Когда за удрученным дьяком Стрешневым закрылась скрипучая дверь, Матвей взял князя Андрея за руку, провел к столу и усадил на лавку. Пытливо глядя ему в большие серые глаза, которые с трудом можно было различить уже в темноте неосвещаемой даже лампадкой из-за отсутствия таковой, негромко, дрогнувшим от сожаления голосом, поинтересовался:

— Не одолели, выходит, боярина Годунова? По весне, после памятных событий в кремле, мир у вас с царским конюшим так и не сложился? И как все это случилось?

Князь Андрей обреченно кивнул головой несколько раз, поочередно посмотрел на молча сидящих в темноте казаков, словно пытался угадать, можно ли при них говорить о делах московского царского двора. Матвей понял этот немой взгляд-вопрос князя, заверил его:

— Это мои самые близкие побратимы, князь Андрей, и все они были тогда со мной в кремле, готовые по слову князя Ивана Петровича ринуться на Годунова… Так что при них можешь говорить обо всем без страха, что кому-то перескажут твои слова! Даже ценой спасения своей головы.

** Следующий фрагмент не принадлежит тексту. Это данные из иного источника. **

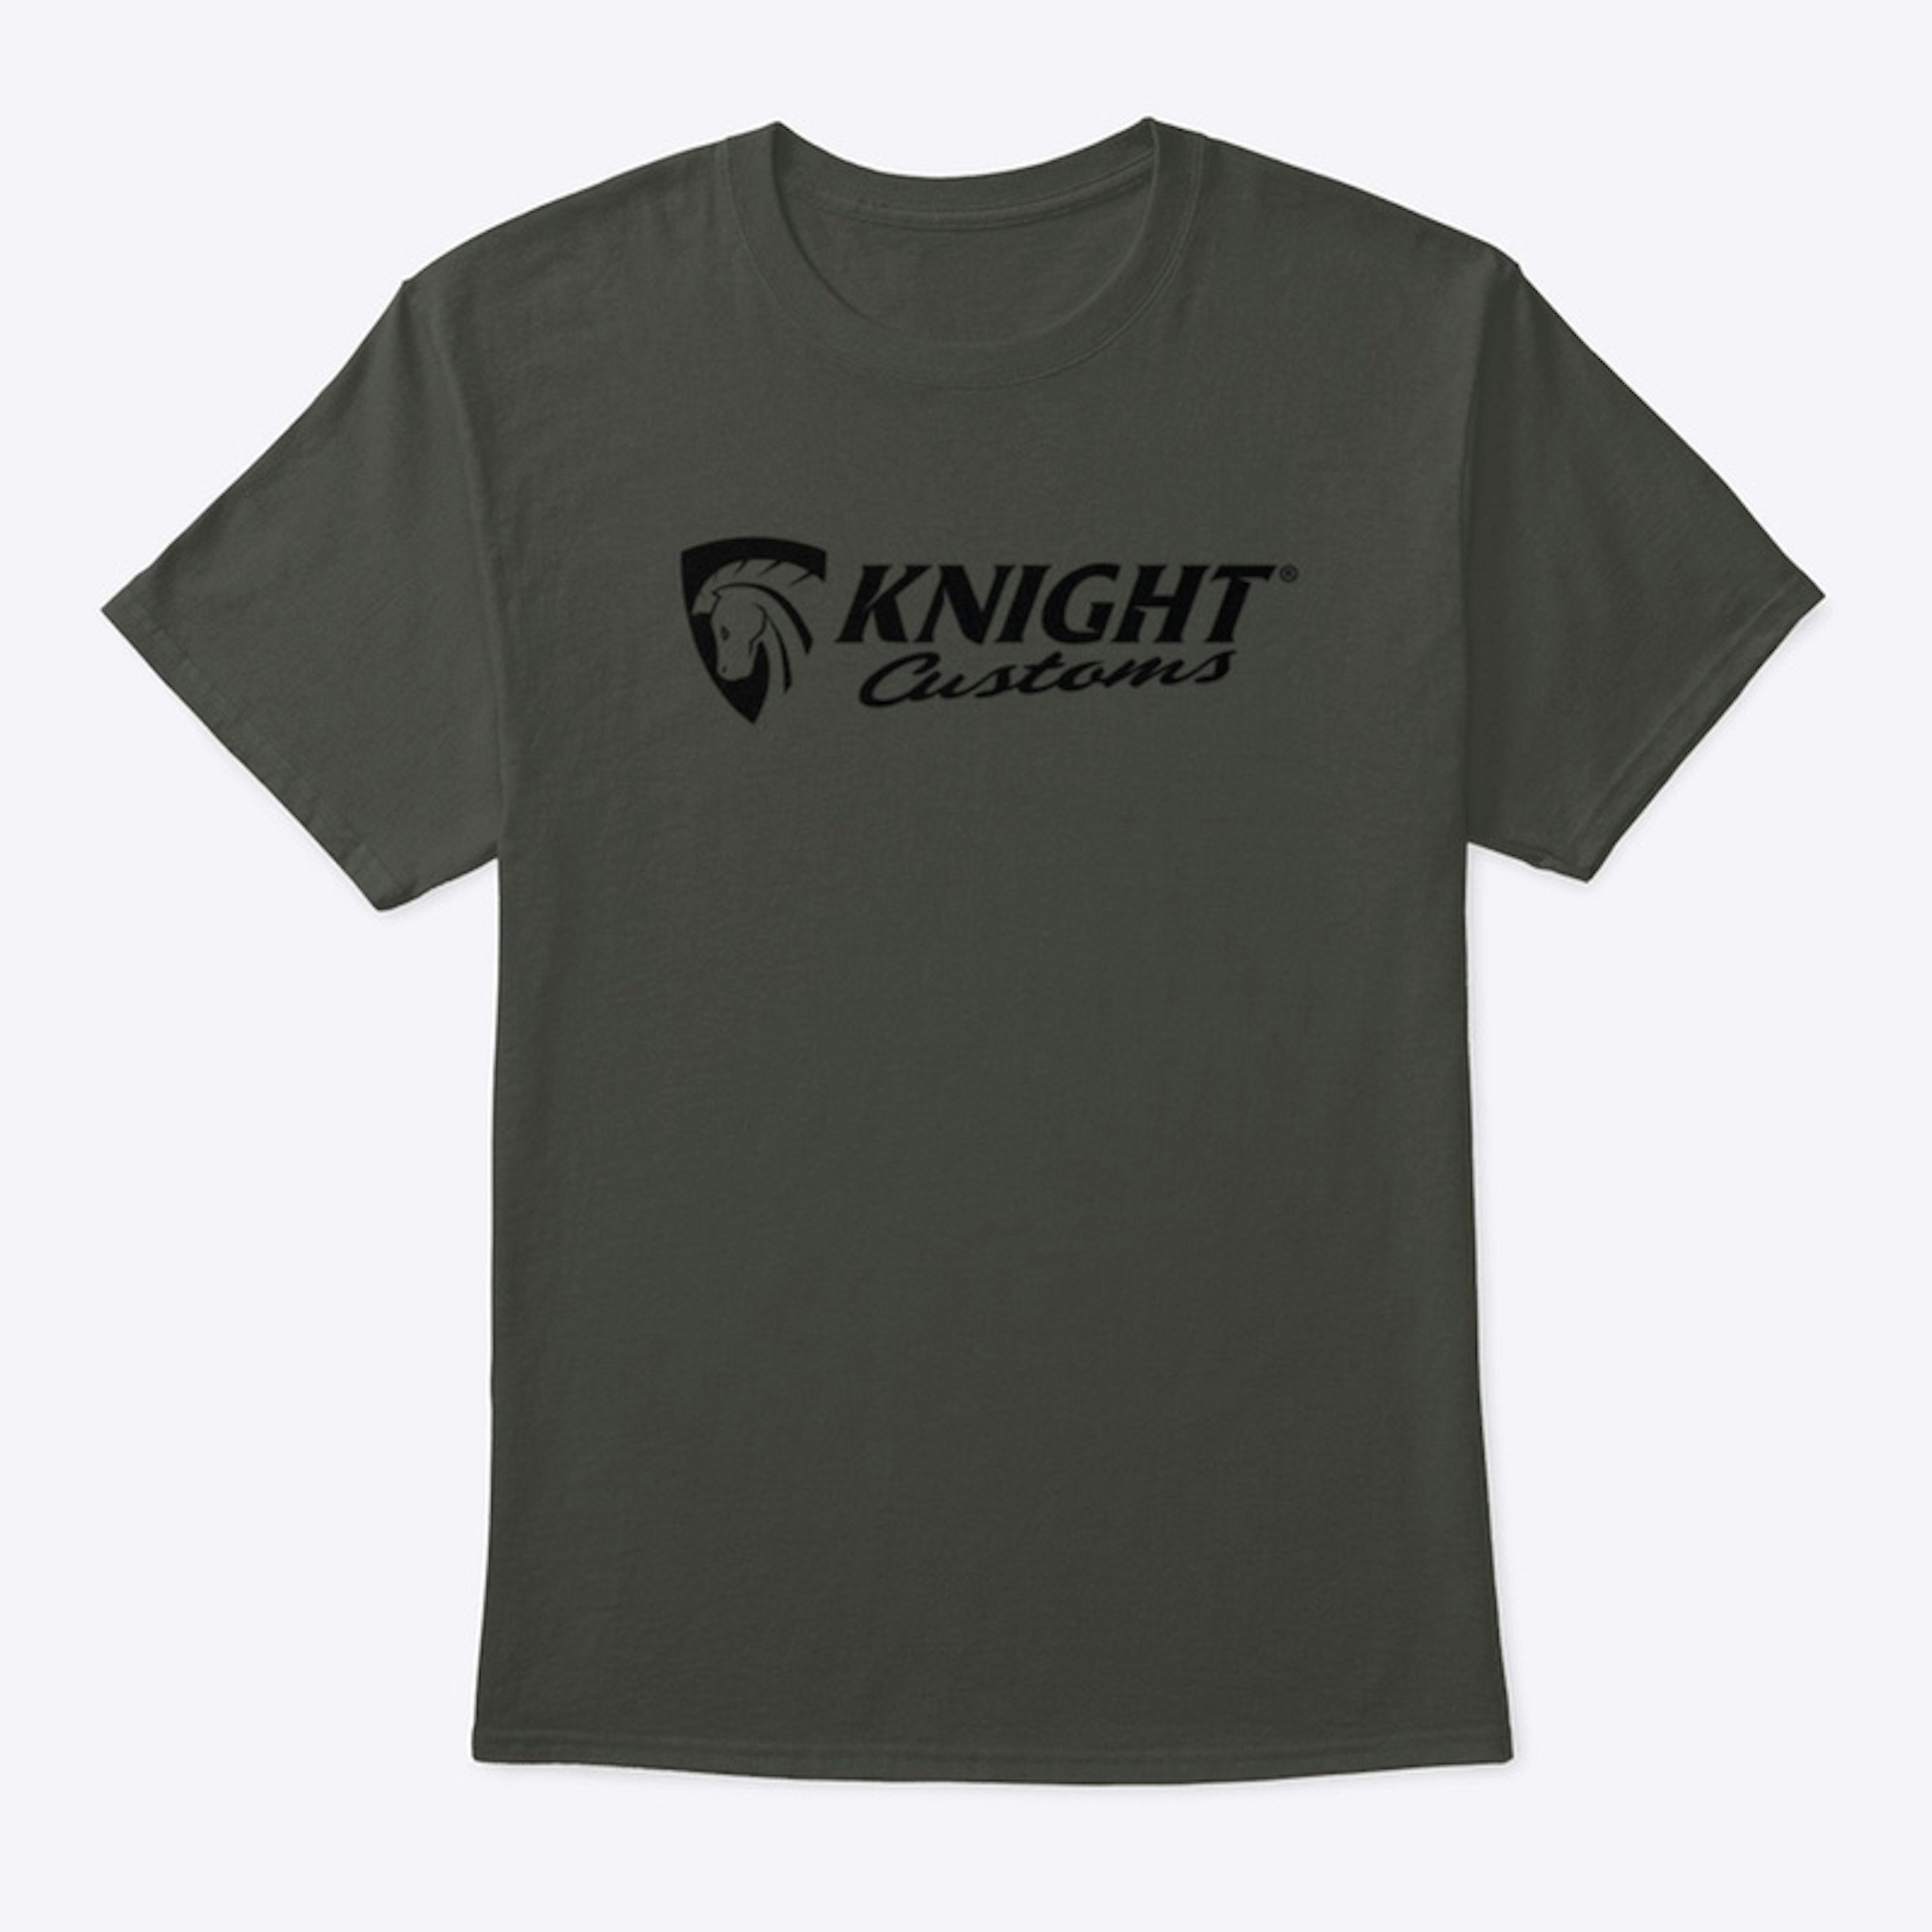 Knight Customs Classic Logo

— Верю, атаман Матвей, верю. Я помню твоих есаулов, знаю, что вы готовы были помочь нам тогда, в мае, когда Бориска Годунов стоял уже на одной ноге! Да видит бог, убоялись бояре большого бунта московского черного люда, пошли с Бориской на мировую… А жаль, ох как жаль! Еще бы чуток надо было надавить на царя, и он не спас бы своего родственничка по царице Ирине! Да что говорить, казаки! Натянули мы тетиву лука, стрелу изготовили, да в последний миг отвели ту стрелу от борисовой груди, пустили ее неведомо куда! А она обернулась вокруг заговоренного дуба, да и сразила нас самих… Всех сразила! Пока не до смерти, но кто знает, какое повеление отдал Борис нашим приставам? Им в обязанность строго-настрого приказано досматривать за нами денно и нощно, чтоб ненароком не сошли за рубеж, особенно в Литву, где у нас много добрых знакомцев.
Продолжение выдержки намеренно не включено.